== TASK GOAL ==
Write out the data again exactly, skipping every picture.

== RECORDED INFORMATION ==
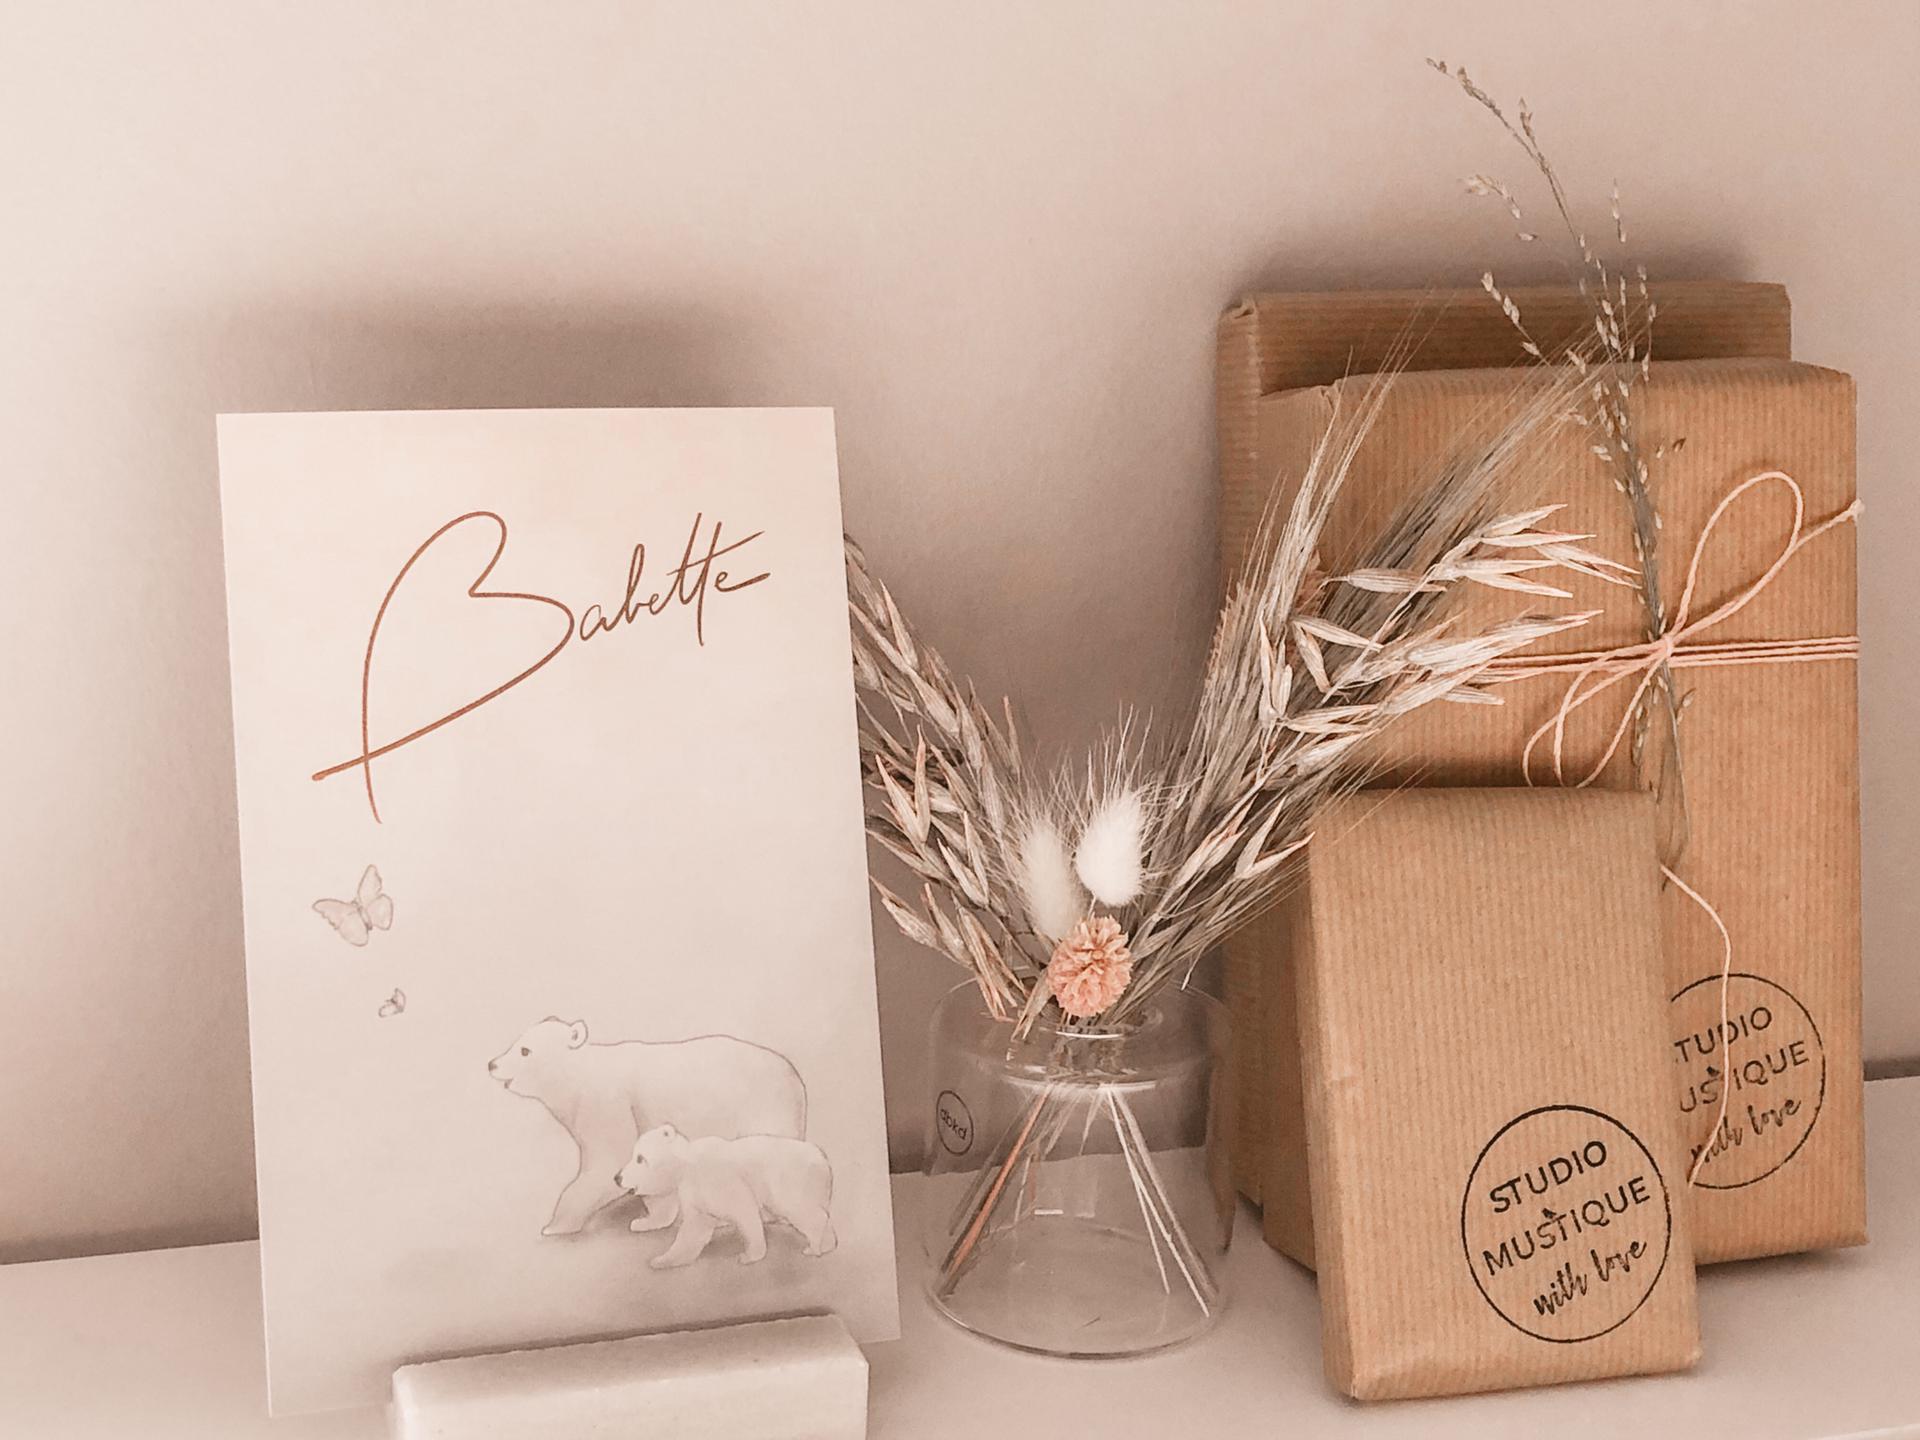 Babette geboortekaartje ijsberen, foliedruk rose goud, letterpress, studio blanche, studio mustique
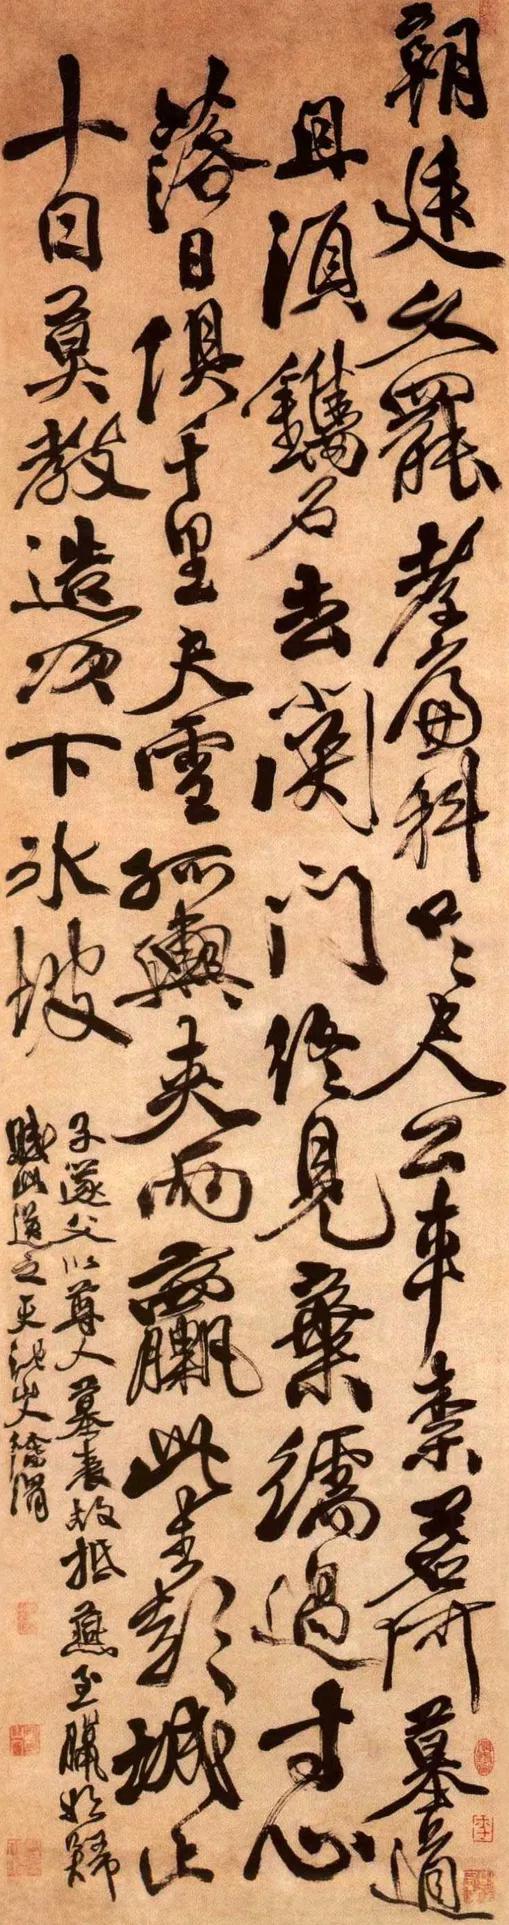 明  徐渭《墓表赋》 纸本墨笔 163.7x43cm  北京故宫博物院藏
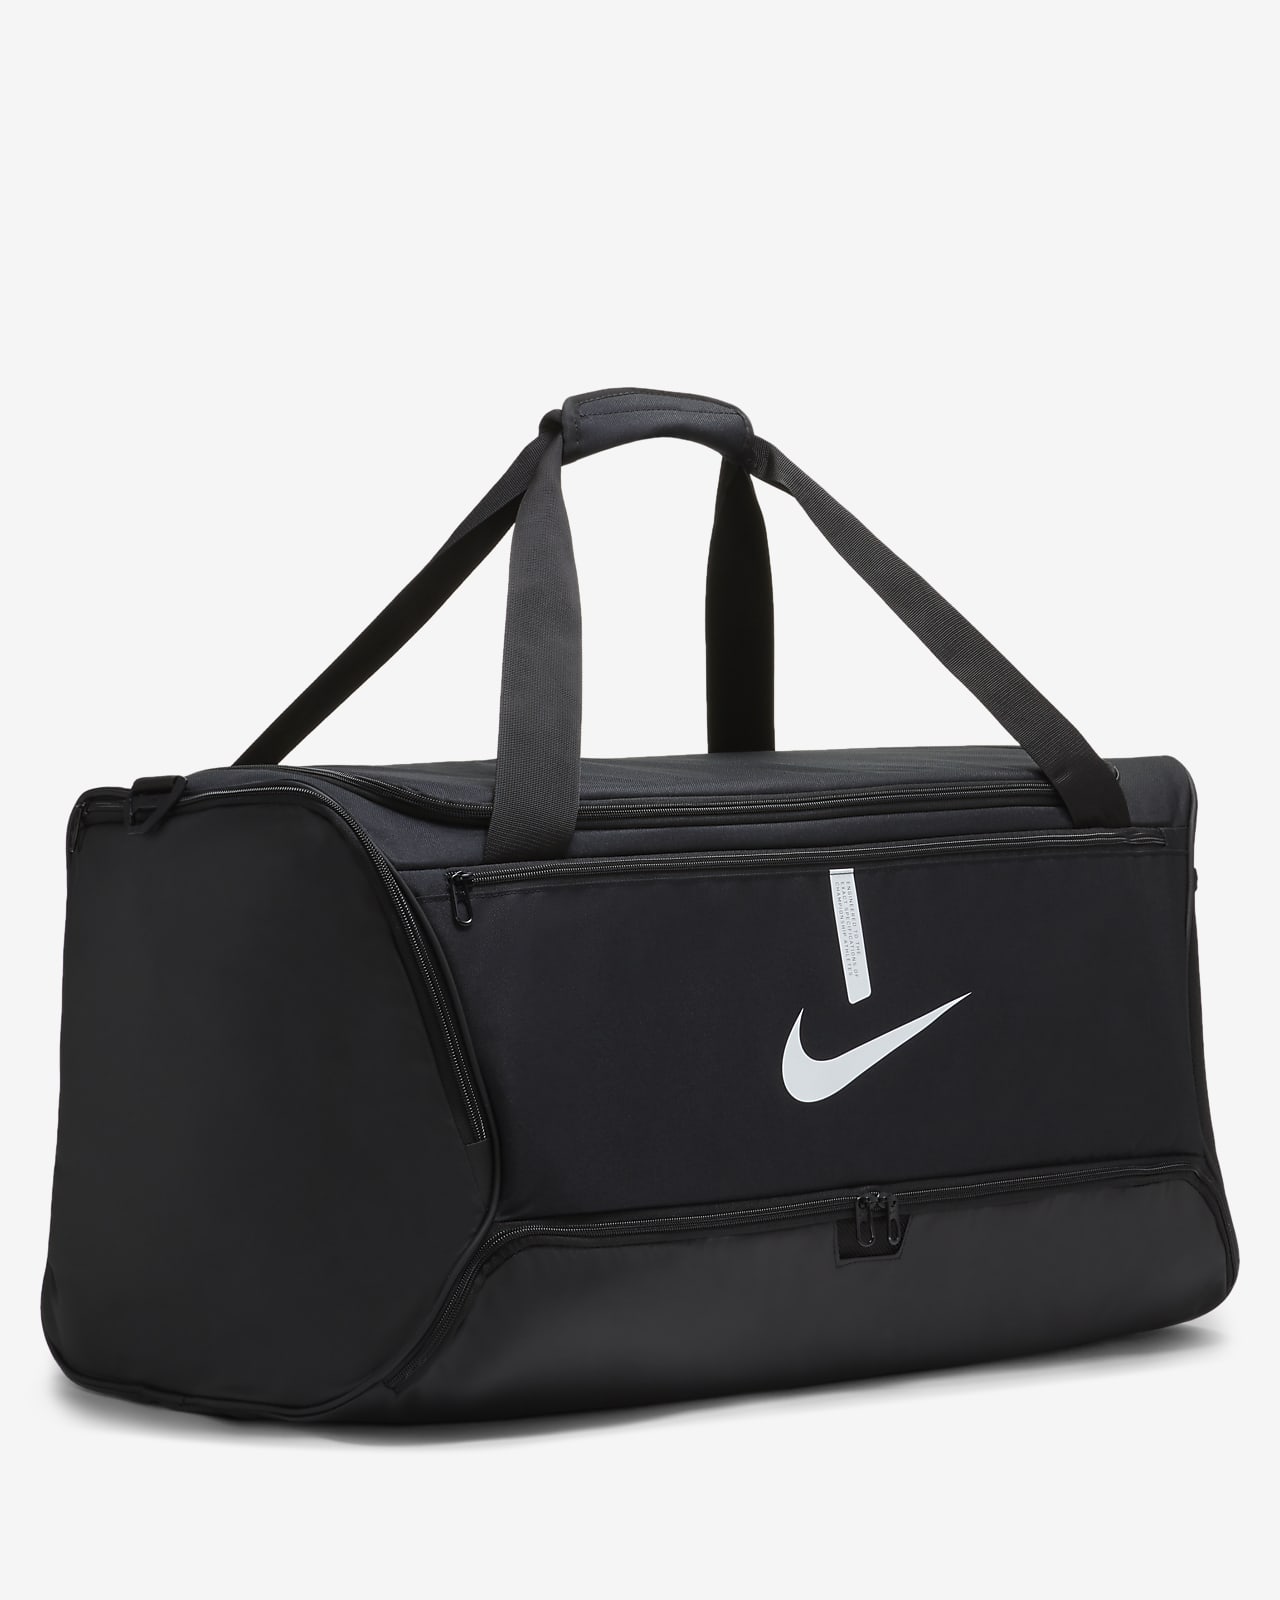 Nike Academy Team Backpack Black/White
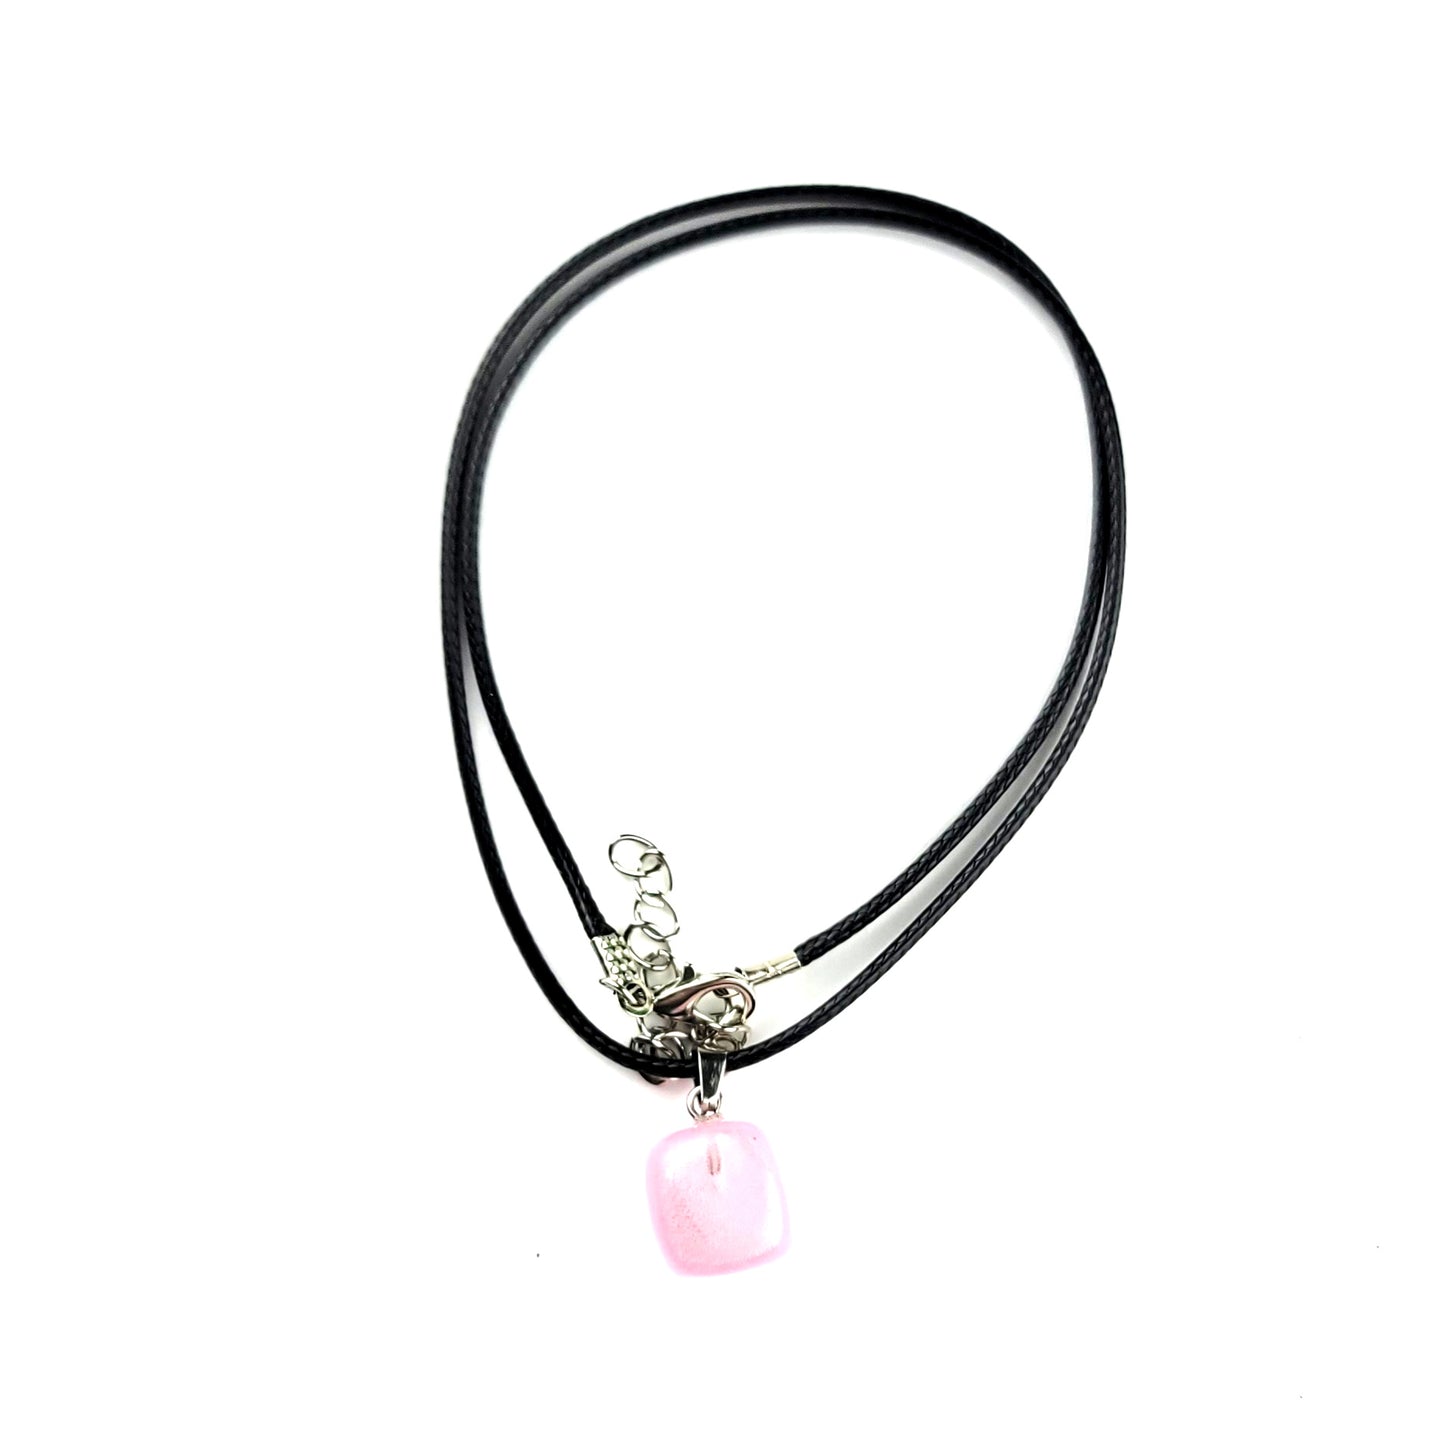 Gemstone Drop Necklace

== RESPONSE ==
 Babette geboortekaartje ijsberen, foliedruk rose goud, letterpress, studio blanche, studio mustique
 明  徐渭《墓表赋》 纸本墨笔 163.7x43cm  北京故宫博物院藏
 Nike Academy Team Backpack Black/White
 Gemstone Drop Necklace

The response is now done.